▸ **About this exercise**: The task calls for an exact retyping of the lines from the one holding "Antique Art Deco" through the end of the listing, with pictures omitted and nothing added.

Start of Supplied information

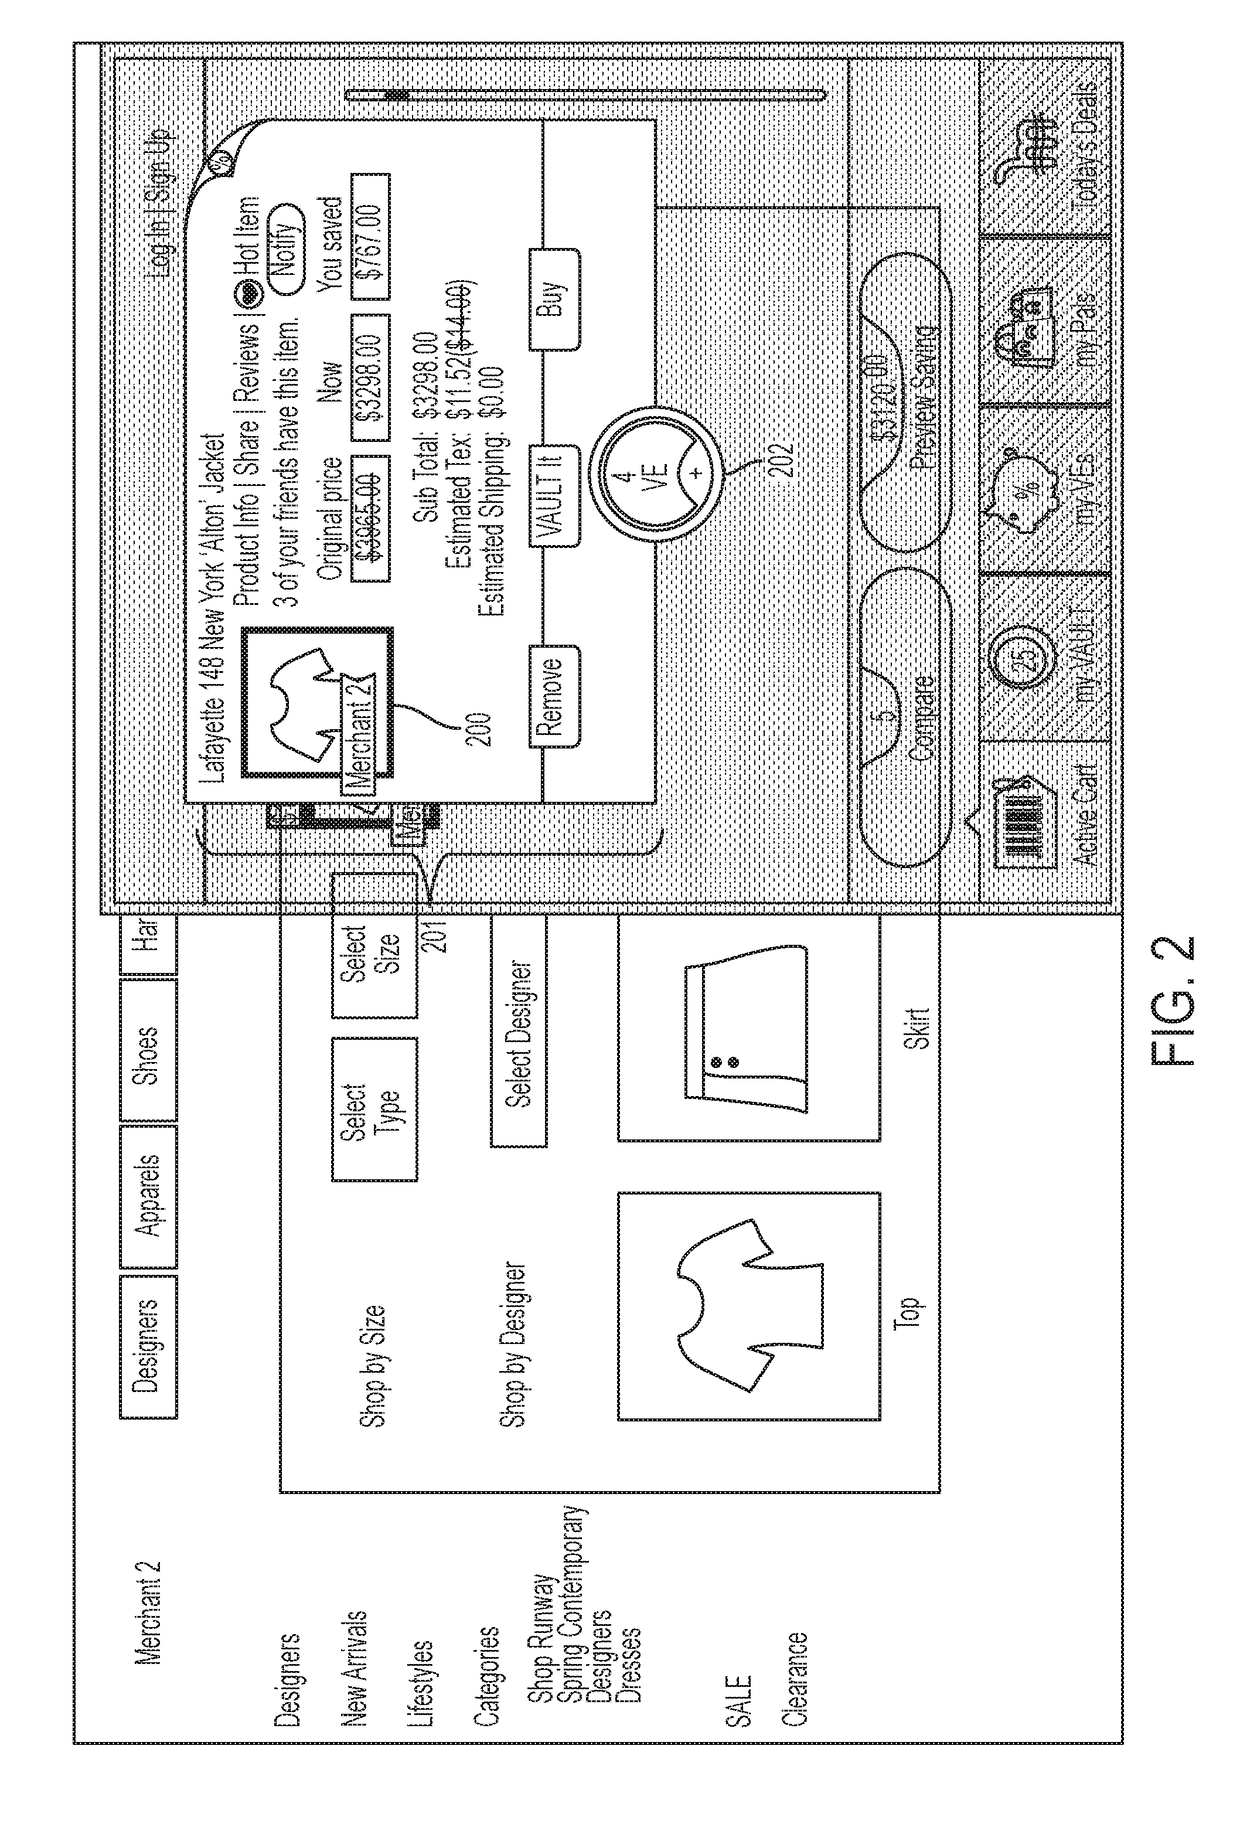 System and method for consumer management purchasing and account information
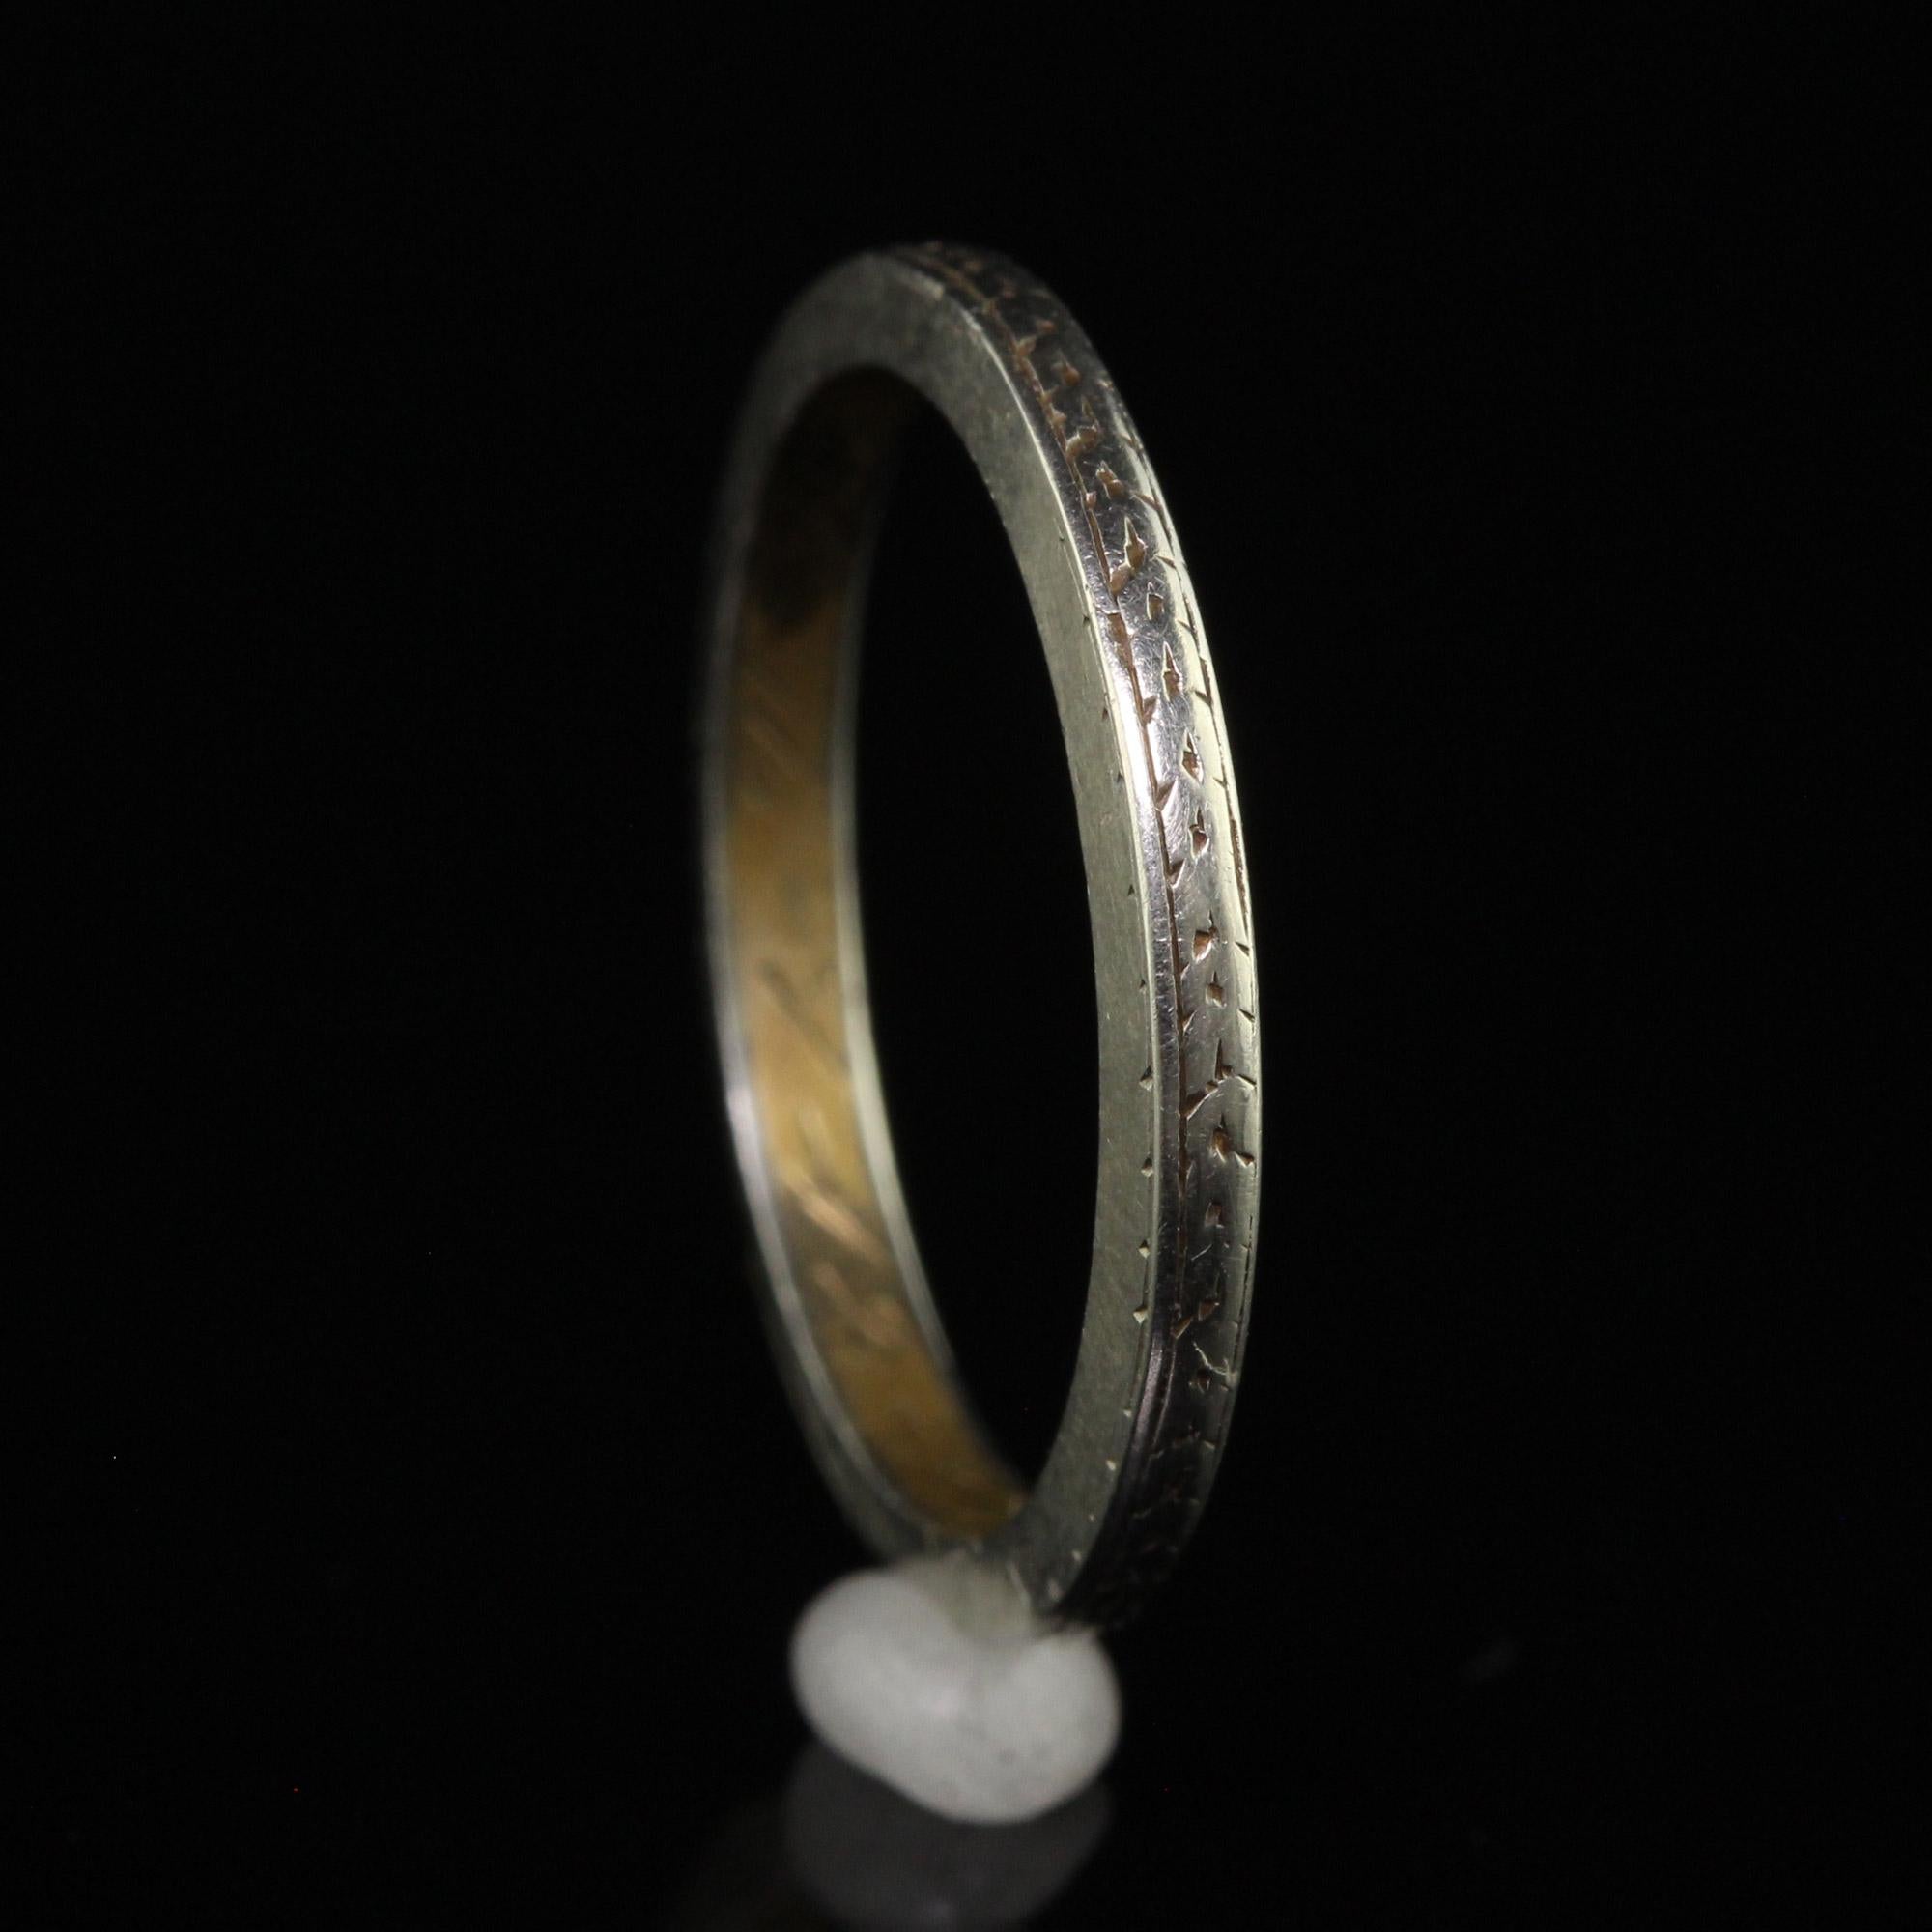 Antique Art Deco 18K White Gold Two Tone Engraved Wedding Band - Size 4 1/2 For Sale 2
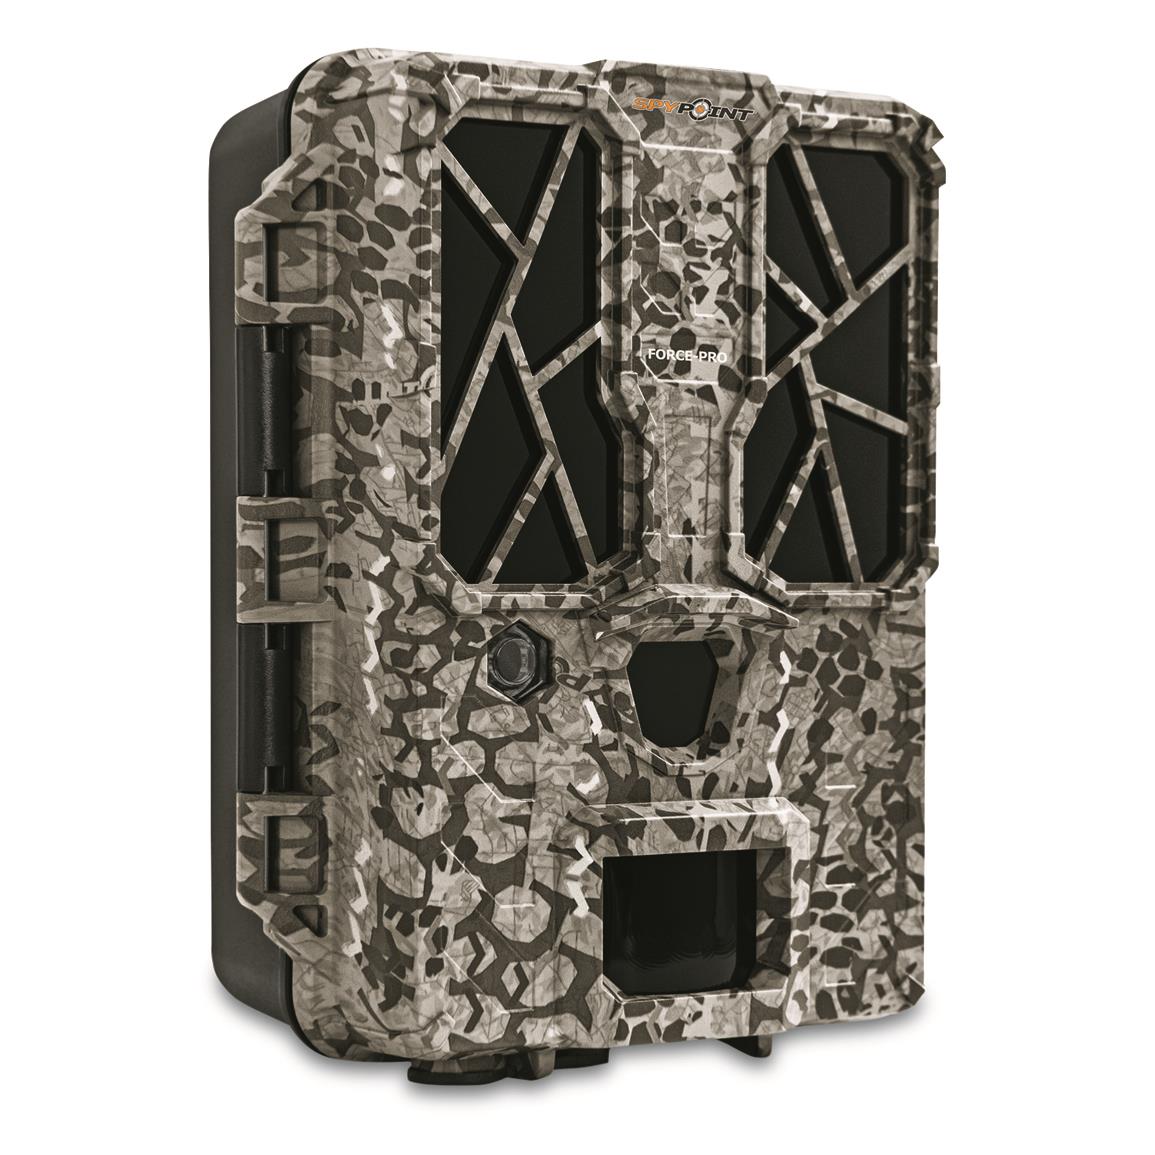 SPYPOINT Force-Pro Trail/Game Camera, 30MP
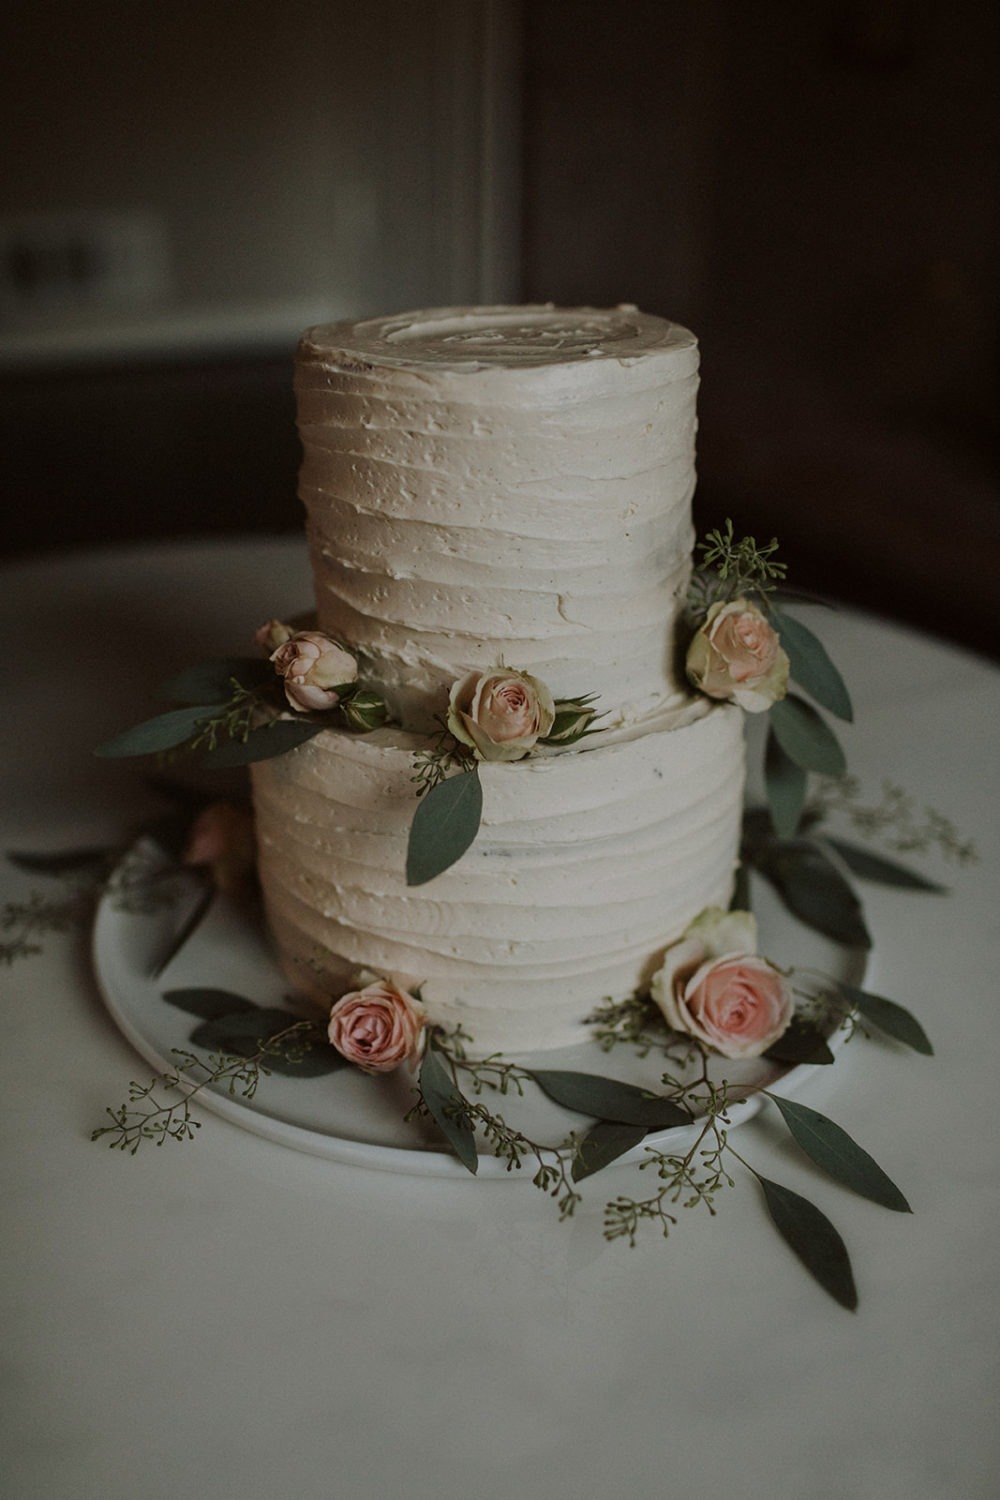 White wedding cake decorated by flowers

End of Supplied information

▸ **Your solution**:
 Antique Art Deco 18K White Gold Two Tone Engraved Wedding Band - Size 4 1/2 For Sale 2
 SPYPOINT Force-Pro Trail/Game Camera, 30MP
 White wedding cake decorated by flowers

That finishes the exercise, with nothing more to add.